DATA BLOCK:

=====

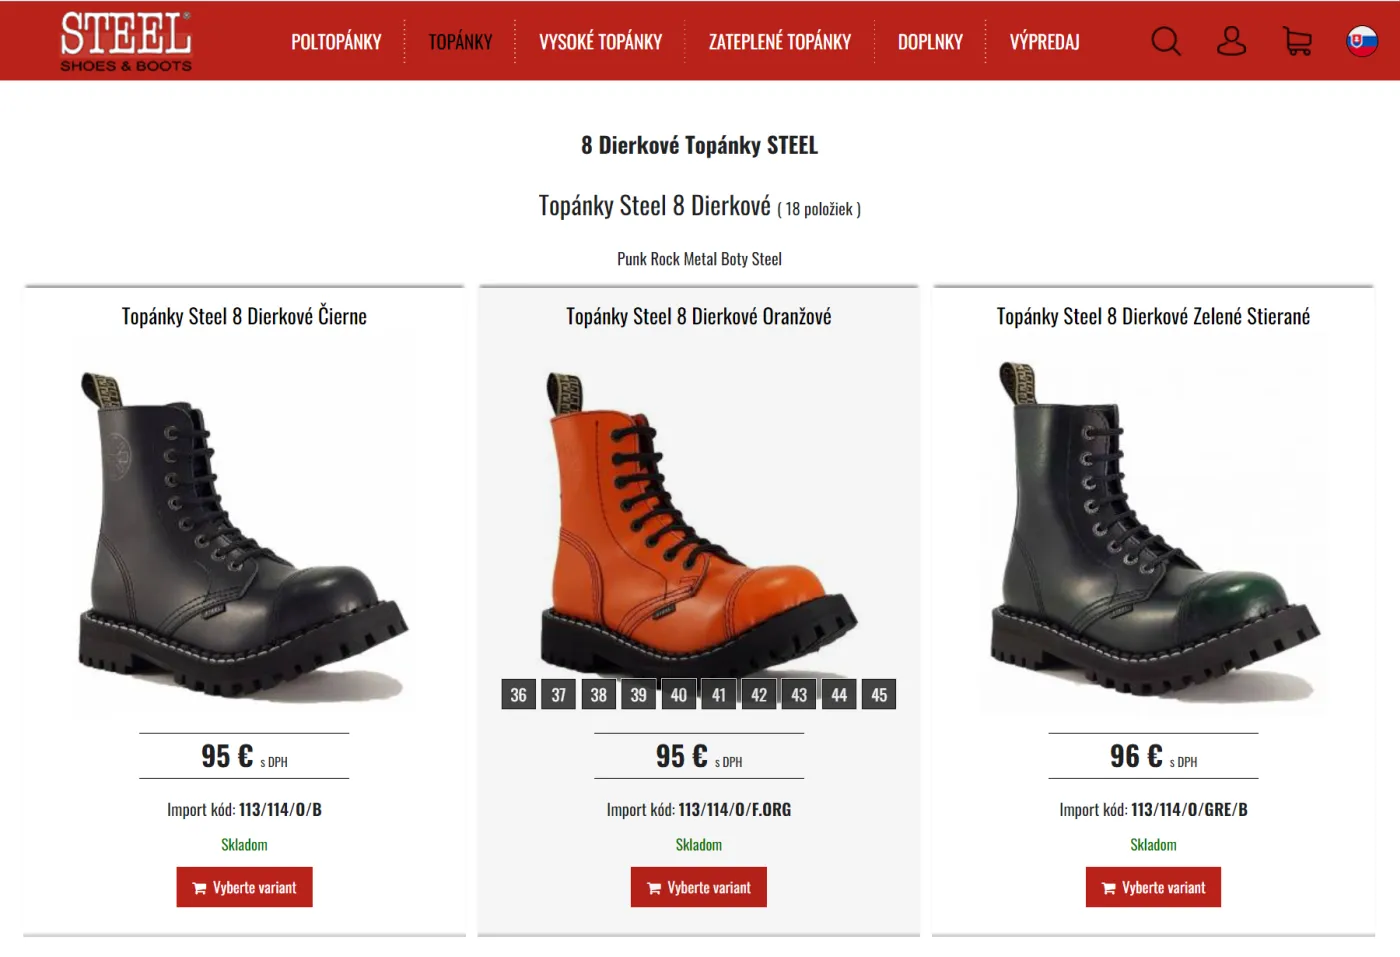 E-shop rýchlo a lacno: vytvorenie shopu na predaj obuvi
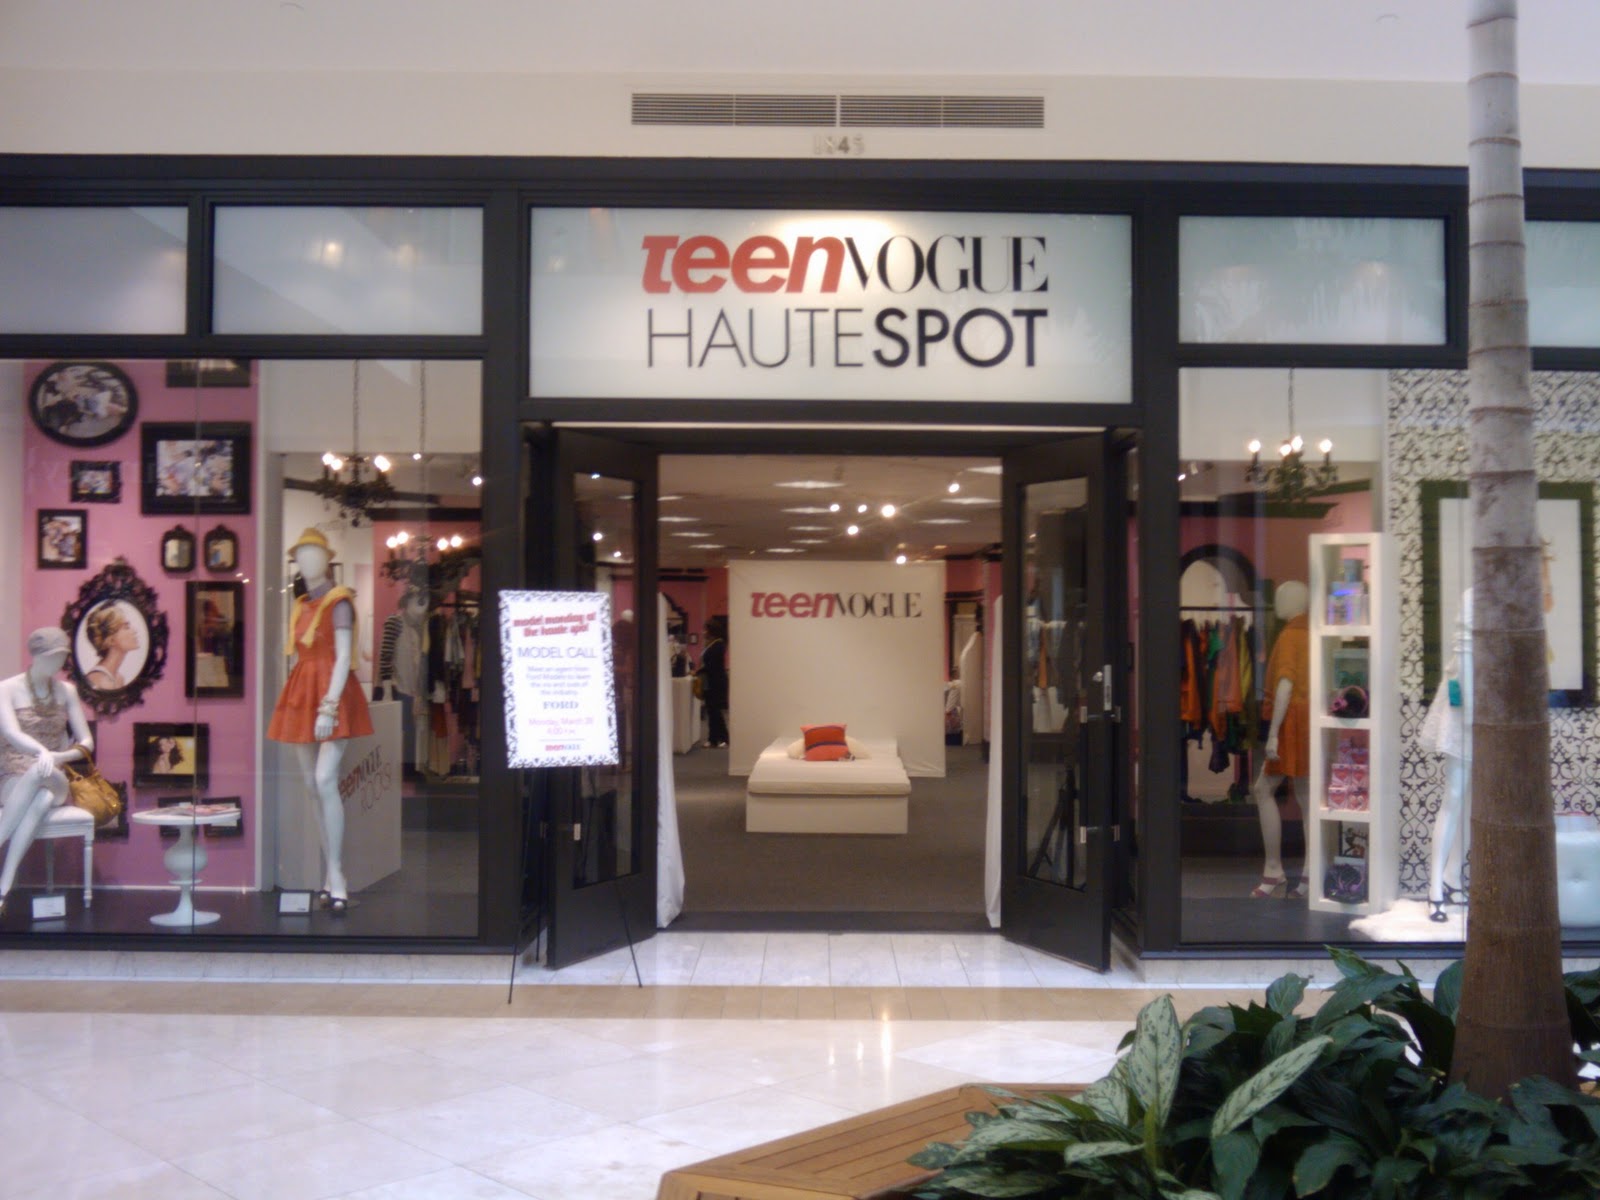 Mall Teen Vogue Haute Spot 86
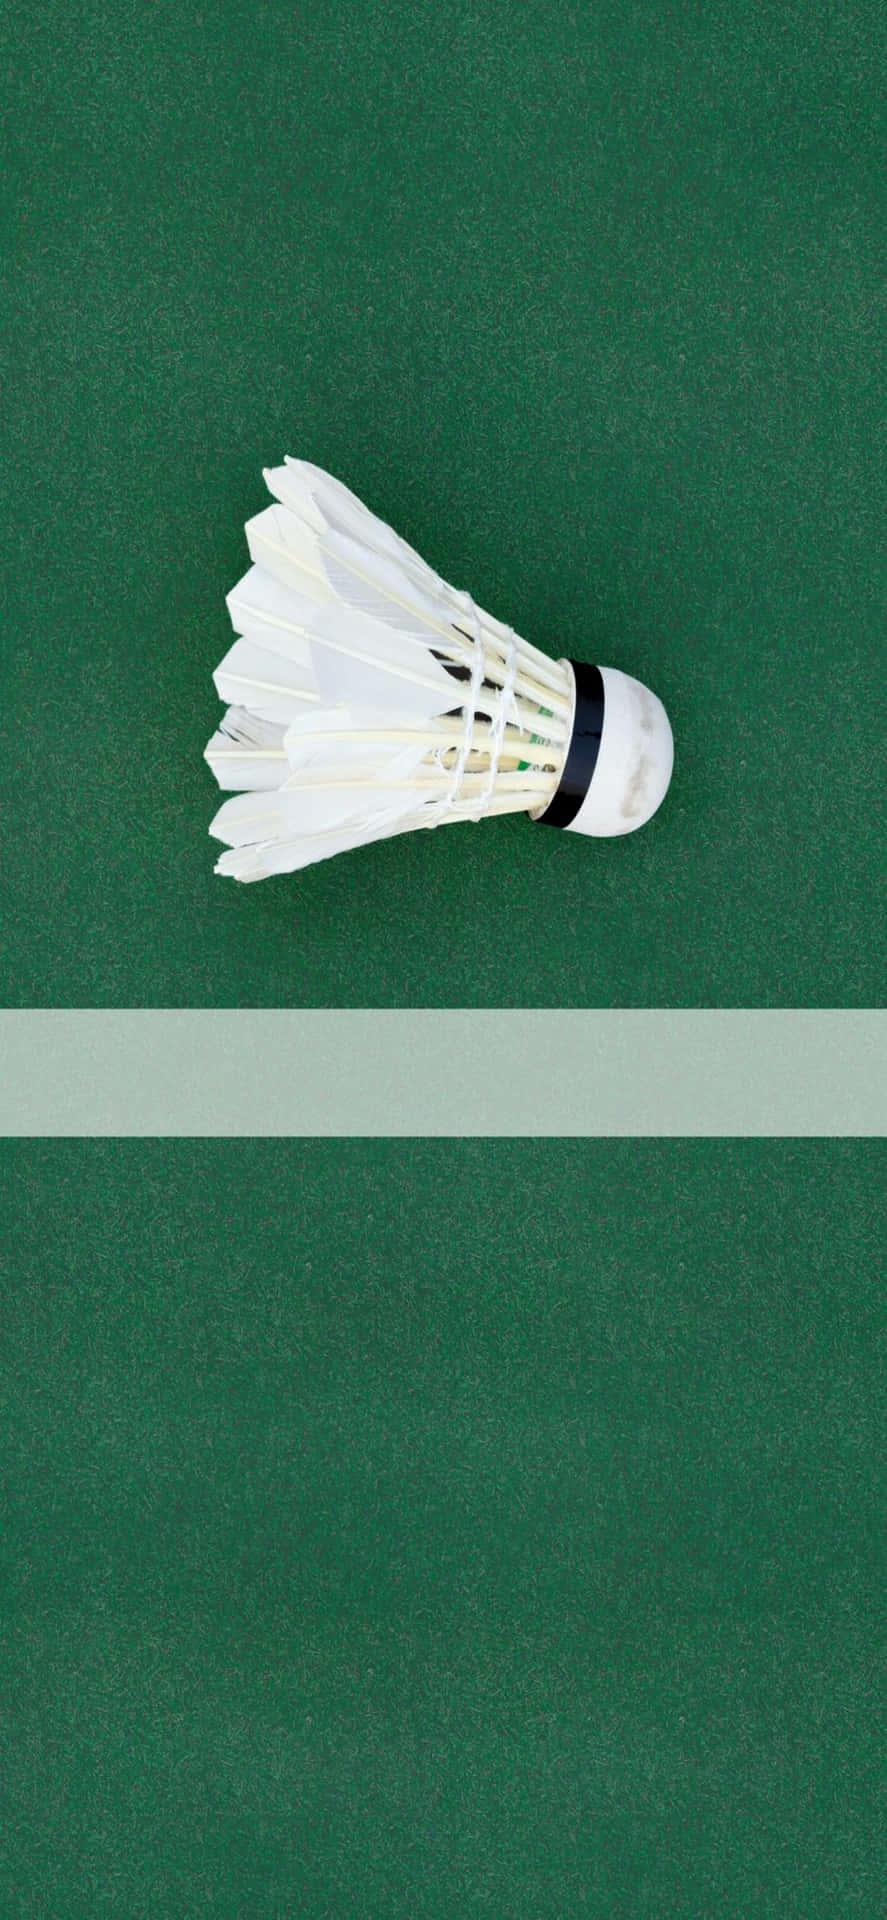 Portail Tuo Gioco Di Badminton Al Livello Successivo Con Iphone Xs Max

=====

WORK TO BE COMPLETED: Before you finish, make sure every line above has been repeated exactly and no picture remains in the copy.

SOLUTION TO THIS PROBLEM:
 E-shop rýchlo a lacno: vytvorenie shopu na predaj obuvi
 Mall Teen Vogue Haute Spot 86
 Portail Tuo Gioco Di Badminton Al Livello Successivo Con Iphone Xs Max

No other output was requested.